YOUR ASSIGNMENT:
The records that follow are to be given again exactly. Do not carry over any image.

Stored records
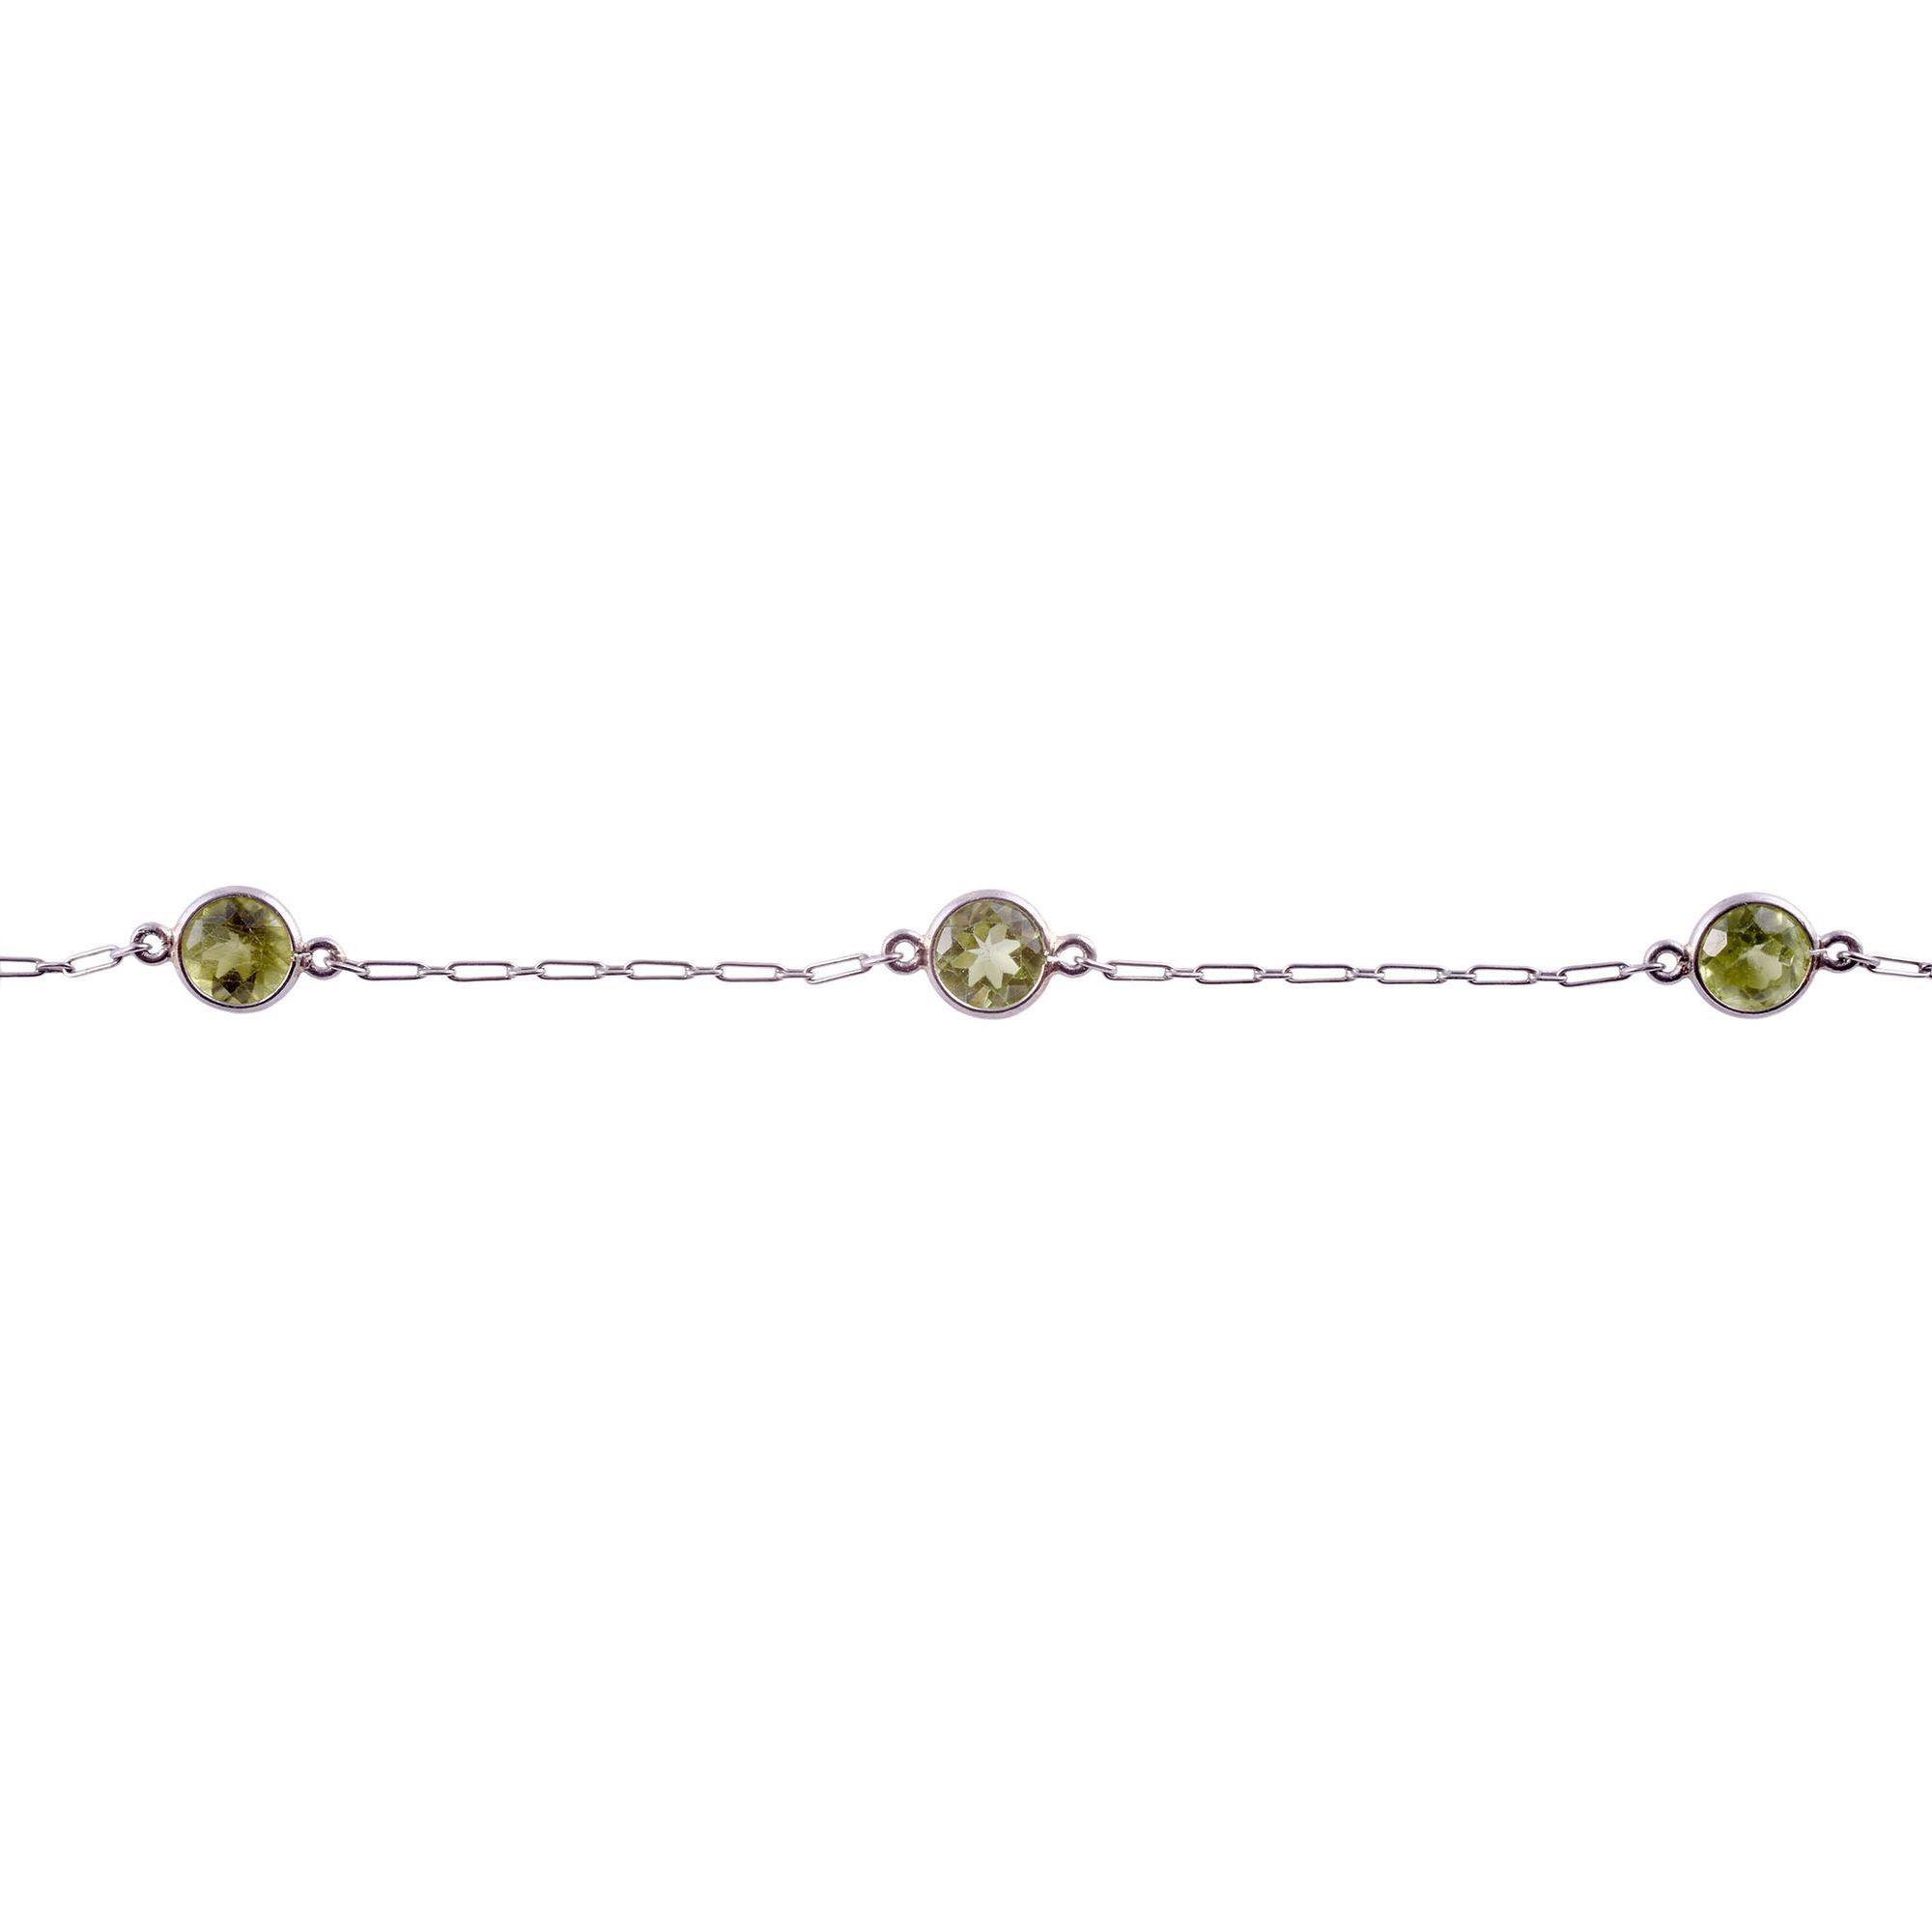 Estate peridot platinum necklace. This platinum necklace features 11 bezel set 5.55mm round peridot at approximately 8.50 carat total weight. The peridot have a vibrant yellow green color. [KIMH 2901 P]
 
Dimensions
 
18.375″L
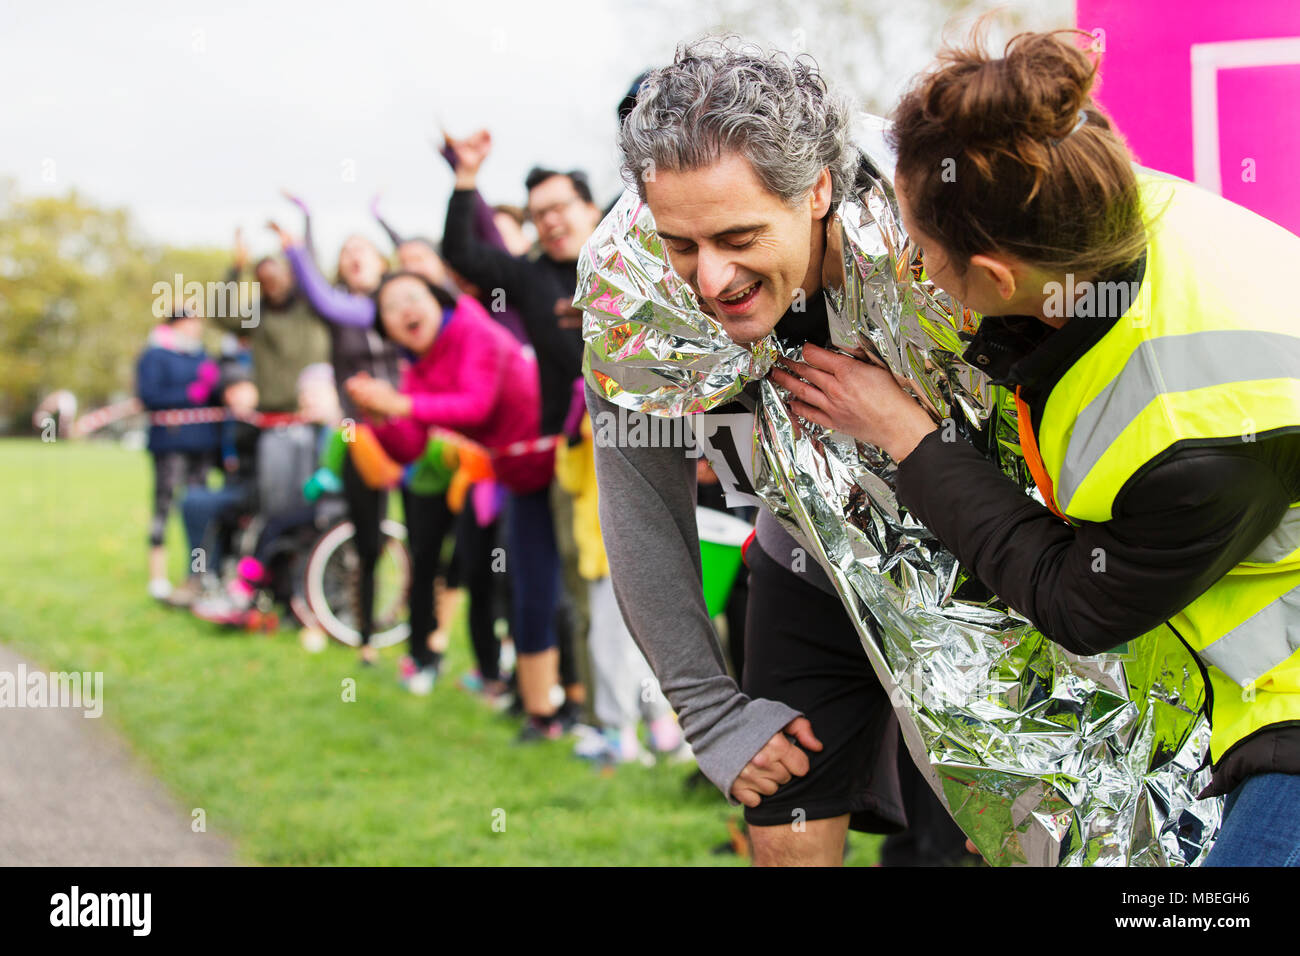 Woman wrapping thermal blanket around exhausted male runner finishing marathon Stock Photo
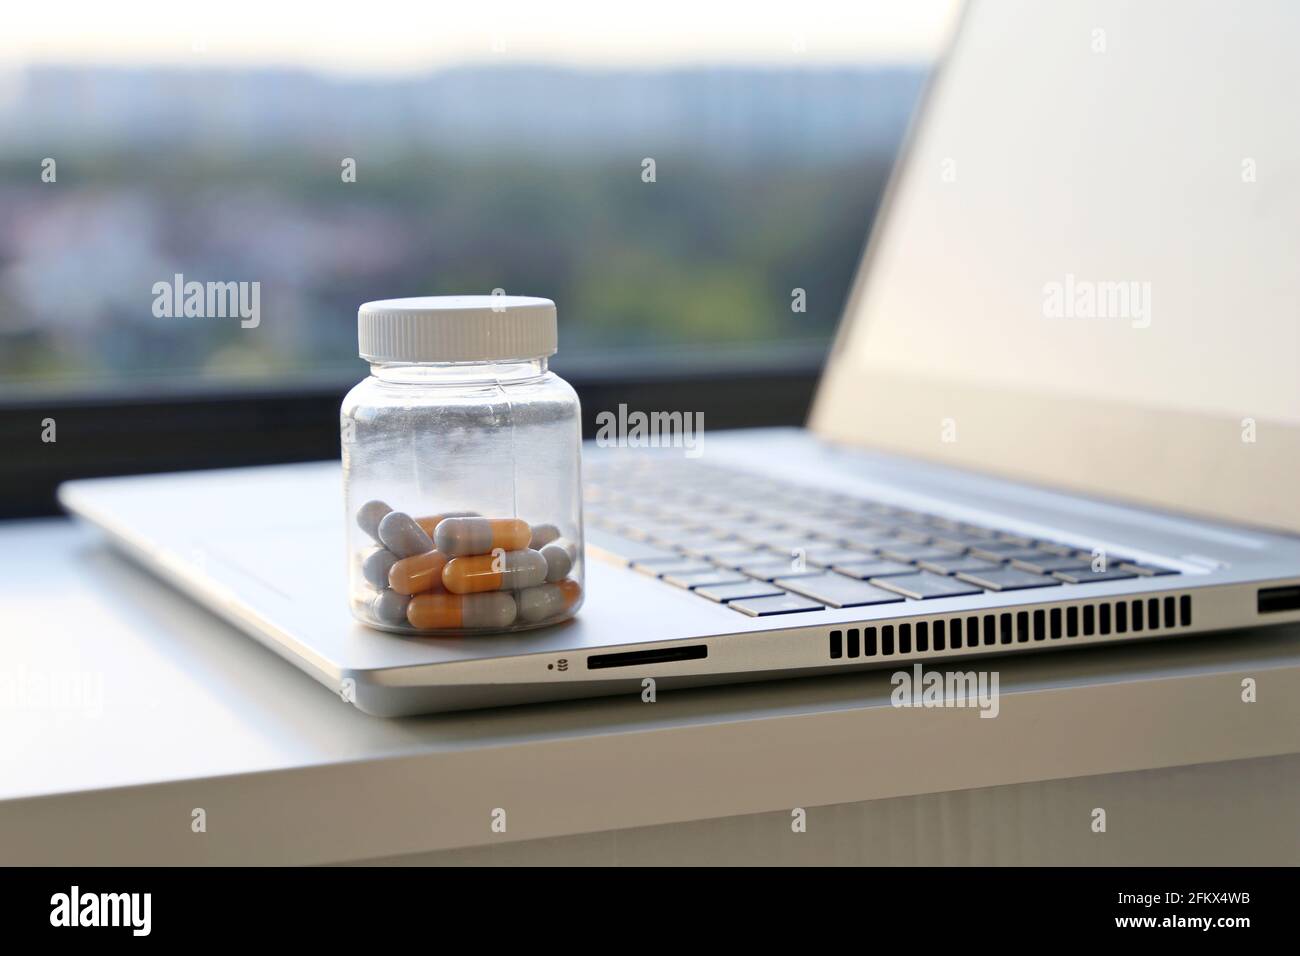 Pills on laptop keyboard on window background, capsules in a bottle. Concept of taking medication in office, vitamins for energy and work Stock Photo

RESPONSE TO THIS EXERCISE:
 Estate peridot platinum necklace. This platinum necklace features 11 bezel set 5.55mm round peridot at approximately 8.50 carat total weight. The peridot have a vibrant yellow green color. [KIMH 2901 P]
 
Dimensions
 
18.375″L
 Woman wrapping thermal blanket around exhausted male runner finishing marathon Stock Photo
 Pills on laptop keyboard on window background, capsules in a bottle. Concept of taking medication in office, vitamins for energy and work Stock Photo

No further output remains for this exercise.